My take is for the average person, crime in Paris is a much greater threat than terrorism. The first day we arrived, there were media reports of six robbers using tear gas to rob 27 Chinese tourists on a bus near Charles de Gaulle Airport. Guys selling trash and trinkets were more aggressive this year than I remember them being, coming inside the entrance area at the Louvre, which they’re not supposed to do.
Finally, there are areas around the Grand Palais, the Pont de la Concorde, the Place de la Concorde and other high-traffic areas where Romas gather, pretending to ask tourists to sign “petitions” for the deaf and blind, or donate to Oxfam. They’re after your wallet or purse. Just say no ….
CityLab writer O’Sullivan notes under Mayor Anne Hildago, Paris is going through renaissance meant to cut pollution, make the traffic-choked city more bike-friendly and possibly get skyrocketing rents under control.

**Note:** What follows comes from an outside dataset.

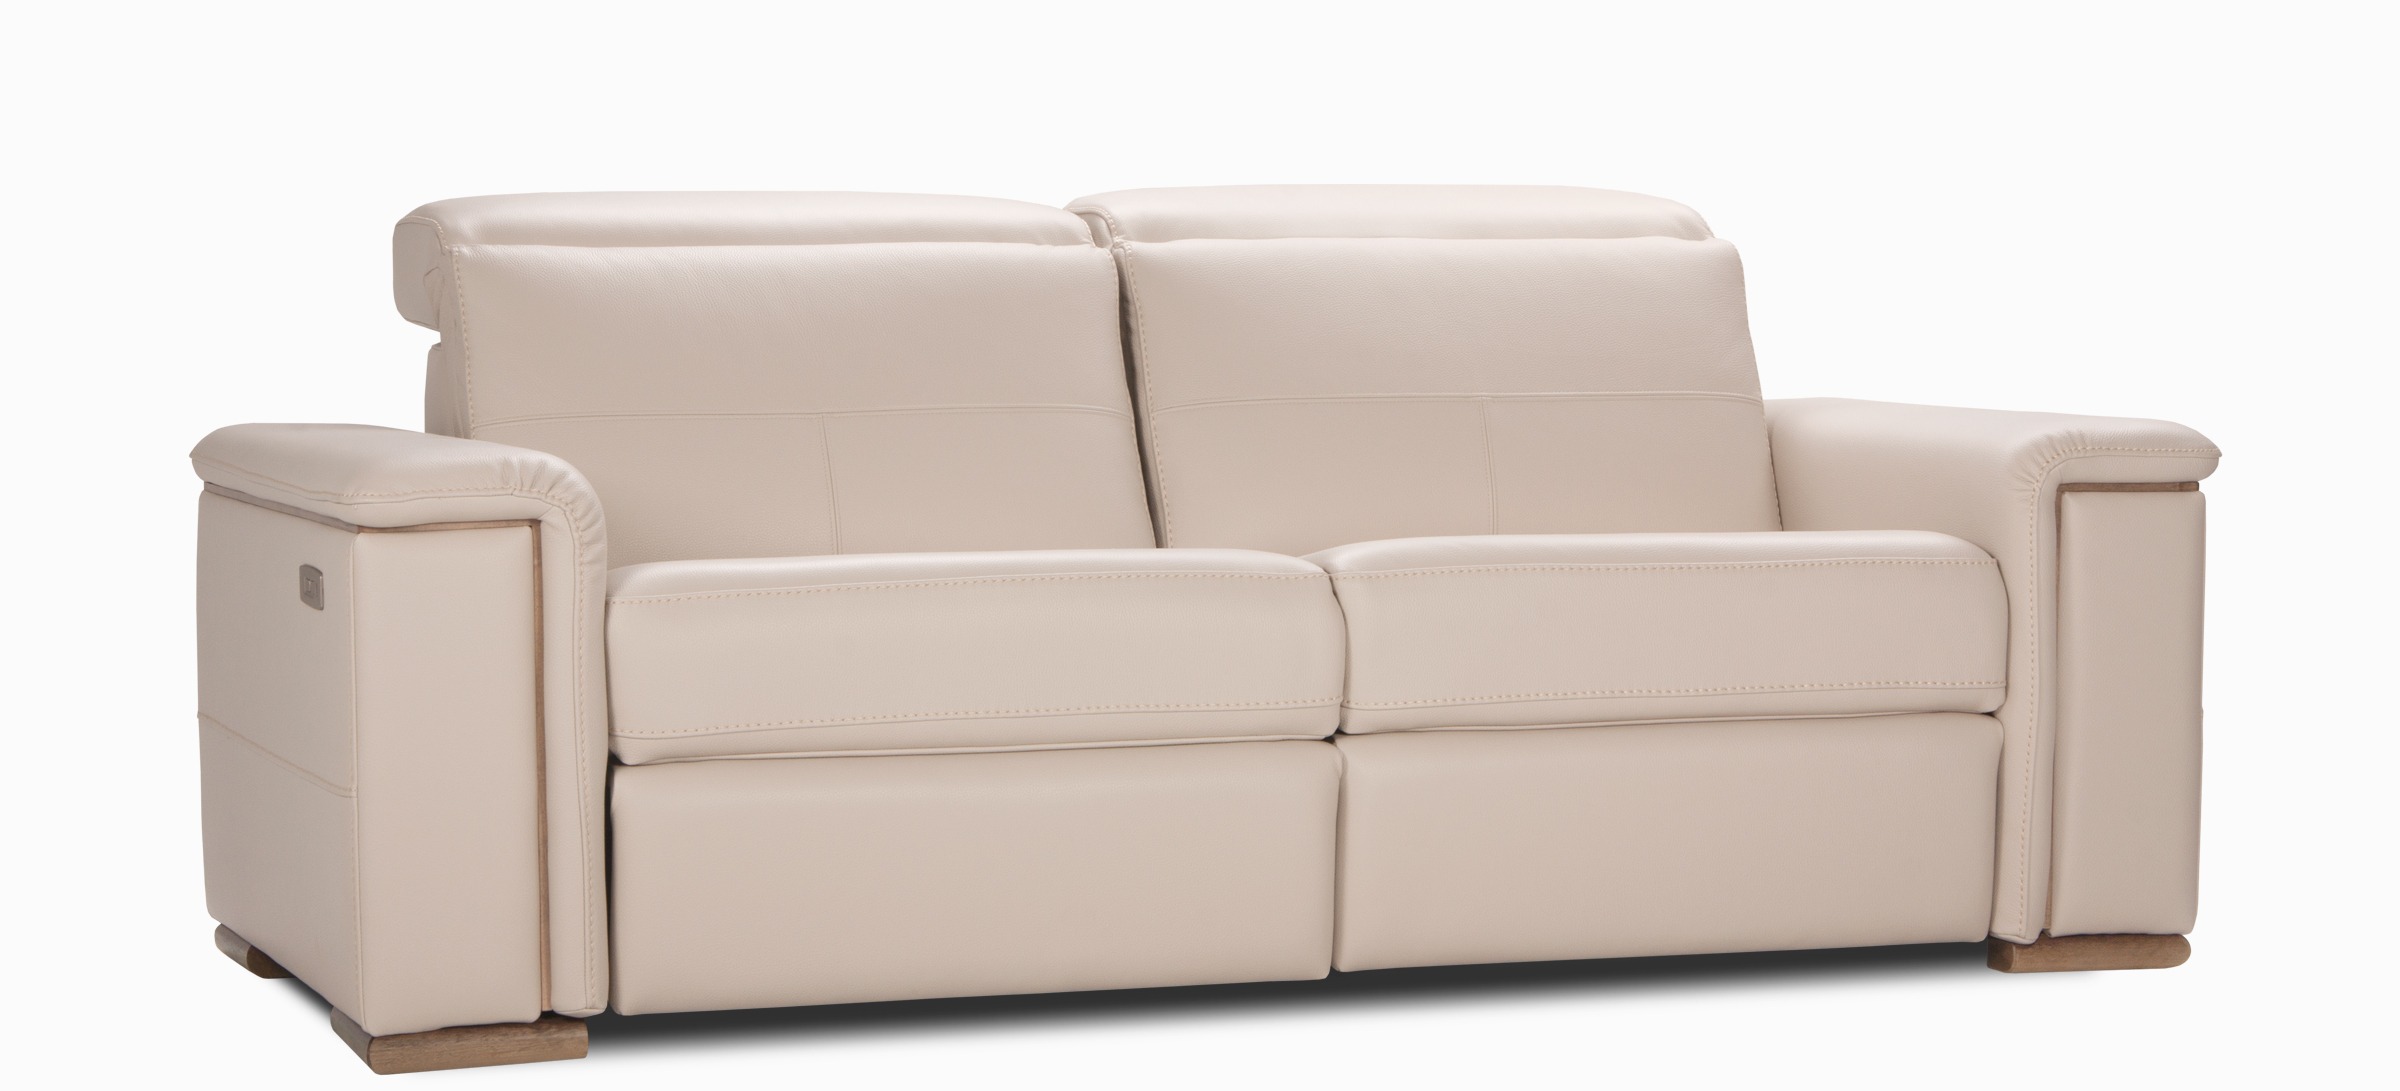 Melbourne sofa apt illusion gregre side

France has spent millions to totally reconfigure the once-sketchy area around Centre Pompidou and Les Halles. In short, there are always new reasons to return to Paris.
On some level, after years of living and working in Muslim-majority countries, I look to the fatalism of my Muslim friends for reassurance the Boyds are doing the right thing, defying the ISIS apostates who claim the moral high-ground as they spread terror in God’s name. My friends believe death comes to us all at the appointed time, saying, “Good soul, come out to the forgiveness and pleasure from Allah.”
If that’s the case, then I’ll go happily … and I’ll be disappointed if heaven isn’t a lot like Paris. After all, doesn’t Champs-Élysées mean the field of the gods?